Synthetic benchmarks show what methods *can* do; real neural data shows what
they *must* handle. Head direction cells encode a circular variable — a
topology that some DR methods preserve better than others.

Head direction cells encode a ring. We generate 100 HD cells with
[`generate_circular_manifold_exp`](https://driada.readthedocs.io/en/latest/api/experiment/synthetic.html#driada.experiment.generate_circular_manifold_exp)
and estimate intrinsic dimensionality using the
[`driada.dimensionality`](https://driada.readthedocs.io/en/latest/api/dimensionality/index.html) module.

This module provides several estimators:
- **Linear:** [`pca_dimension`](https://driada.readthedocs.io/en/latest/api/dimensionality/linear.html#driada.dimensionality.linear.pca_dimension) (variance threshold), [`effective_rank`](https://driada.readthedocs.io/en/latest/api/dimensionality/linear.html#driada.dimensionality.linear.effective_rank), [`pca_dimension_profile`](https://driada.readthedocs.io/en/latest/api/dimensionality/linear.html#driada.dimensionality.linear.pca_dimension_profile)
- **Intrinsic:** [`correlation_dimension`](https://driada.readthedocs.io/en/latest/api/dimensionality/intrinsic.html#driada.dimensionality.intrinsic.correlation_dimension), [`geodesic_dimension`](https://driada.readthedocs.io/en/latest/api/dimensionality/intrinsic.html#driada.dimensionality.intrinsic.geodesic_dimension), [`nn_dimension`](https://driada.readthedocs.io/en/latest/api/dimensionality/intrinsic.html#driada.dimensionality.intrinsic.nn_dimension) (TWO-NN)
- **Effective:** [`eff_dim`](https://driada.readthedocs.io/en/latest/api/dimensionality/effective.html#driada.dimensionality.effective.eff_dim) (Renyi entropy of eigenvalues)

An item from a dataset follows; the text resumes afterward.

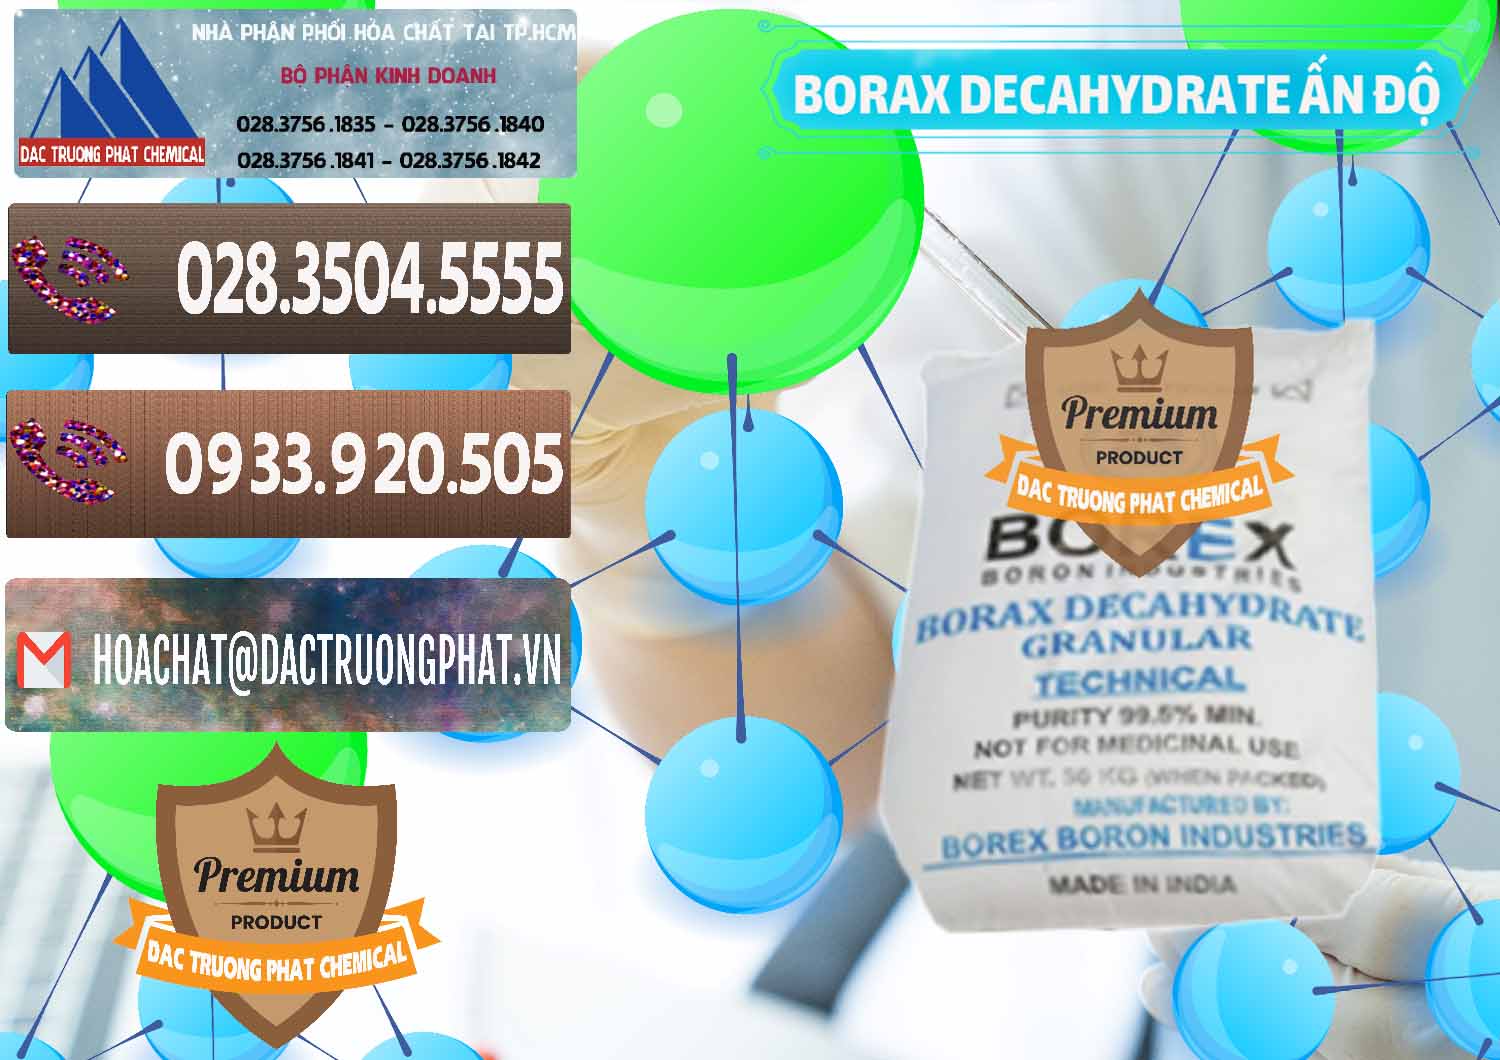 Cty cung cấp _ bán Borax Decahydrate Ấn Độ India - 0449 - Đơn vị chuyên kinh doanh & cung cấp hóa chất tại TP.HCM - hoachatviet.net

Below we use a subset of these, compare real vs shuffled data,
and extract the circular manifold via DR.

In [None]:
def estimate_dimensionality(neural_data, methods=None, ds=1):
    """Estimate intrinsic dimensionality using multiple DRIADA methods."""
    if methods is None:
        methods = [
            'pca_90', 'pca_95', 'participation_ratio',
            'correlation_dim', 'geodesic_dim',
        ]

    dim_estimates = {}

    # Downsample data if requested
    if ds > 1:
        neural_data_ds = neural_data[:, ::ds]
        print(f'  Downsampled: {neural_data.shape} -> {neural_data_ds.shape}')
    else:
        neural_data_ds = neural_data

    # Transpose data for methods that expect (n_samples, n_features)
    data_transposed = neural_data_ds.T

    # Linear methods
    if 'pca_90' in methods:
        dim_estimates['pca_90'] = pca_dimension(data_transposed, threshold=0.90)
    if 'pca_95' in methods:
        dim_estimates['pca_95'] = pca_dimension(data_transposed, threshold=0.95)

    # Nonlinear intrinsic methods
    if 'correlation_dim' in methods:
        try:
            print('  Computing correlation dimension...')
            dim_estimates['correlation_dim'] = correlation_dimension(data_transposed)
        except Exception as e:
            print(f'  Warning: correlation_dimension failed: {e}')
            dim_estimates['correlation_dim'] = np.nan

    if 'geodesic_dim' in methods:
        try:
            print('  Computing geodesic dimension (this may take time)...')
            dim_estimates['geodesic_dim'] = geodesic_dimension(
                data_transposed, k=20, mode='fast', factor=4
            )
        except Exception as e:
            print(f'  Warning: geodesic_dimension failed: {e}')
            dim_estimates['geodesic_dim'] = np.nan

    # Effective dimensionality (participation ratio)
    if 'participation_ratio' in methods:
        dim_estimates['participation_ratio'] = eff_dim(
            neural_data_ds.T, enable_correction=False, q=2
        )

    return dim_estimates

In [None]:
print('1. Generating head direction cell population...')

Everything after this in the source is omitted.